▸ COLLECTED MATERIAL:
####
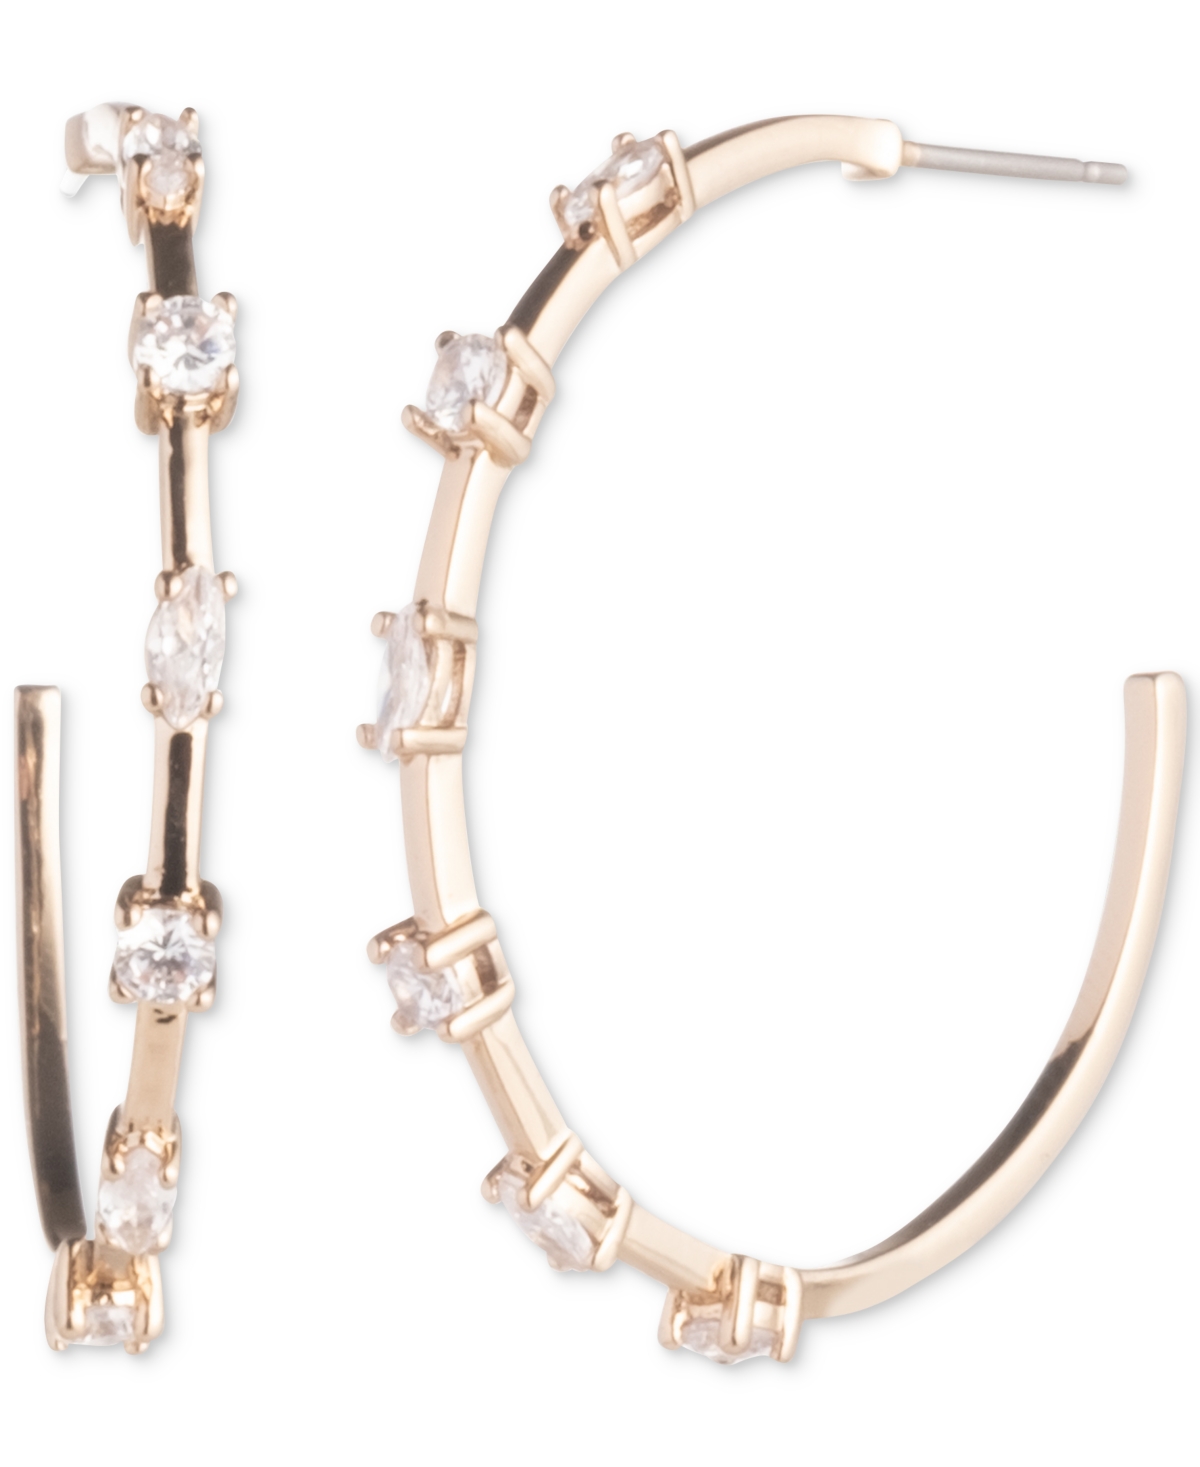 Gold-Tone Crystal C Hoop Earrings, 1" - White
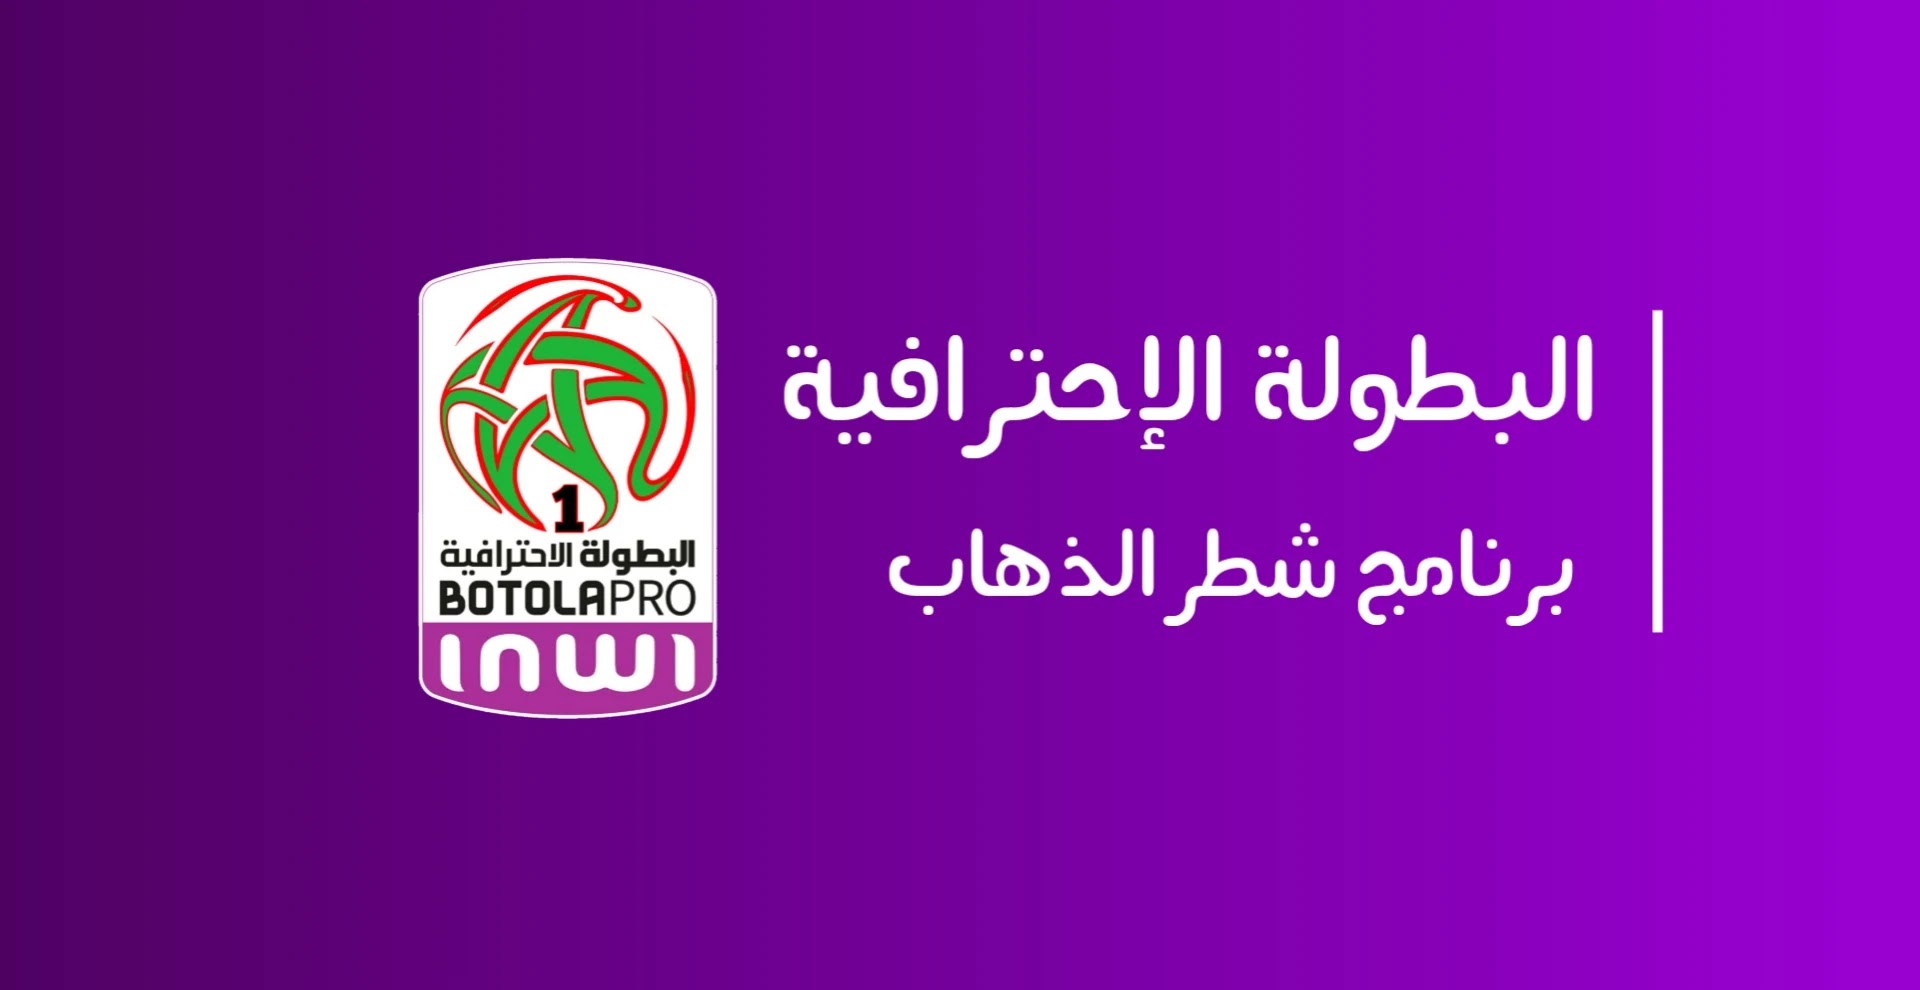 ترتيب الدوري المغربي 2021 اليوم - ترتيب الدوري المغربي 2021 - ترتيب الدوري المغربي 2021 الان - ترتيب الدوري المغربي القسم الأول 2021 - ترتيب الدوري المغربي 2021 حاليا
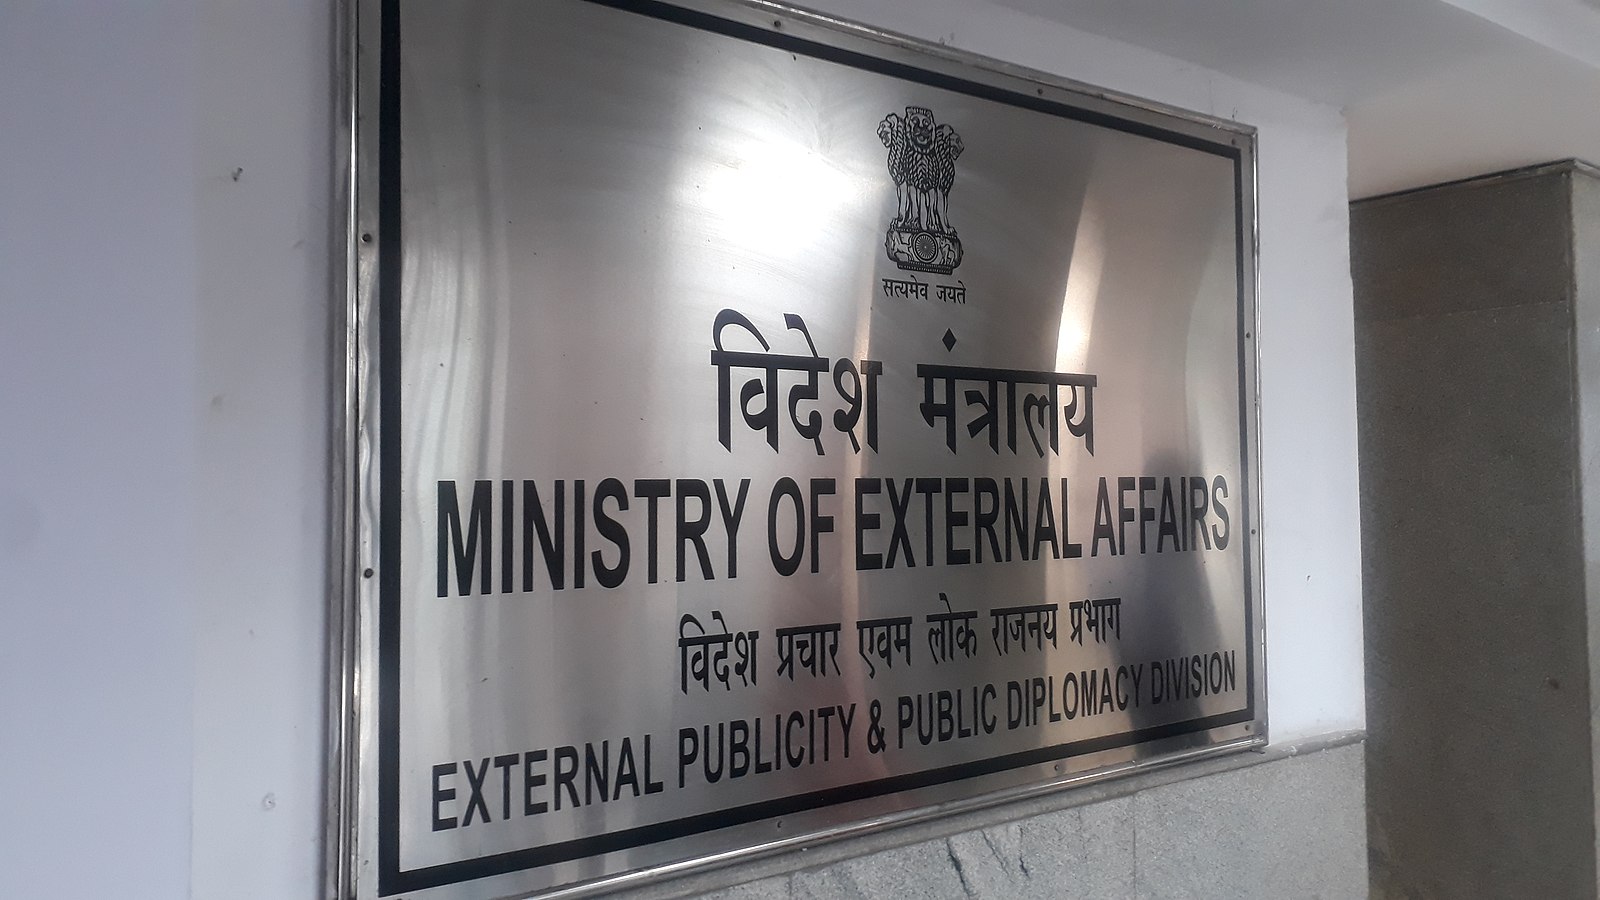 The Ministry of External Affairs (MEA) – विदेश मंत्रालय ने भारतीयों को अगली सूचना तक ईरान या इज़राइल की यात्रा न करने की सलाह दी है
####
▸ EXERCISE REQUIREMENTS:
Any picture in the listing above gets left out; output the rest exactly.

▸ PROBLEM SOLUTION:
 Gold-Tone Crystal C Hoop Earrings, 1" - White
 ترتيب الدوري المغربي 2021 اليوم - ترتيب الدوري المغربي 2021 - ترتيب الدوري المغربي 2021 الان - ترتيب الدوري المغربي القسم الأول 2021 - ترتيب الدوري المغربي 2021 حاليا
 The Ministry of External Affairs (MEA) – विदेश मंत्रालय ने भारतीयों को अगली सूचना तक ईरान या इज़राइल की यात्रा न करने की सलाह दी है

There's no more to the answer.